ONU exhibe prisión preventiva prolongada contra mujeres en México: algunas pasaron hasta 15 años sin sentencia
Un informe del comité Cedaw documenta violaciones a derechos de 22 internas del penal federal femenil de Morelos.

Un grupo de 22 mujeres en México permaneció en prisión preventiva durante más de una década —en algunos casos hasta por 15 años— sin recibir sentencia, en un contexto que vulneró sus derechos fundamentales, señaló el Comité para la Eliminación de la Discriminación contra la Mujer (Cedaw) de la Organización de las Naciones Unidas (ONU).
El pronunciamiento fue difundido por la Oficina del Alto Comisionado de la ONU para los Derechos Humanos, que detalló que las mujeres afectadas estuvieron recluidas en el Centro Federal de Readaptación Social número 16, ubicado en Coatlán del Río, Morelos, el único penal federal exclusivo para mujeres en el país.
De acuerdo con el dictamen del comité internacional, las internas permanecieron durante años privadas de la libertad sin revisiones adecuadas de la medida cautelar que justificaba su encarcelamiento. “Estas mujeres fueron mantenidas sin una revisión adecuada de la medida de detención”, explicó Erika Schläppi, integrante del Cedaw.
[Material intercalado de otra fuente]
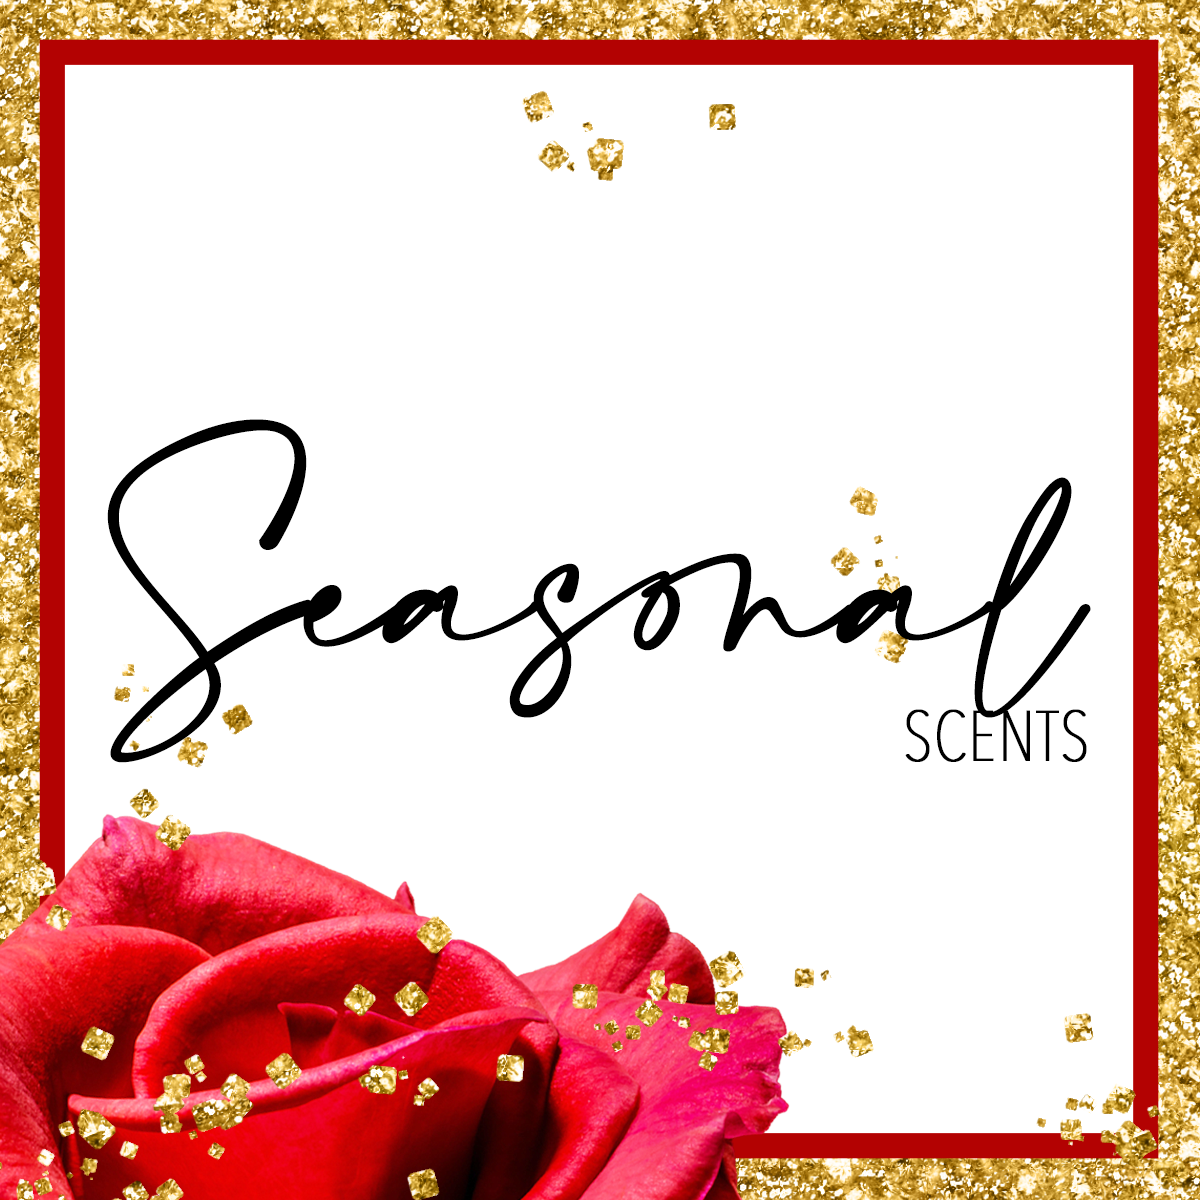 Seasonal Scents

La mayoría de los casos se originó a partir de detenciones realizadas desde 2009, durante el gobierno del entonces presidente Felipe Calderón, en el contexto de la estrategia federal contra el crimen organizado. Las mujeres fueron acusadas principalmente de presuntos vínculos con la delincuencia organizada y quedaron sujetas a prisión preventiva oficiosa, una medida constitucional que obliga a mantener a los imputados en reclusión mientras se desarrolla el proceso judicial para ciertos delitos.
Sin embargo, el comité de la ONU observó que en varios expedientes no hubo avances sustanciales en los procesos ni revisiones periódicas de la prisión preventiva, lo que derivó en estancias prolongadas en prisión sin resolución judicial.
El informe también documenta que al menos tres de las mujeres fueron absueltas entre 2023 y 2024, luego de haber pasado más de diez años privadas de la libertad.
Además, el Cedaw advirtió sobre las condiciones de aislamiento que enfrentan muchas internas, ya que el penal se encuentra lejos de sus lugares de origen, lo que limita las visitas familiares debido a los costos y las dificultades para trasladarse hasta el centro penitenciario.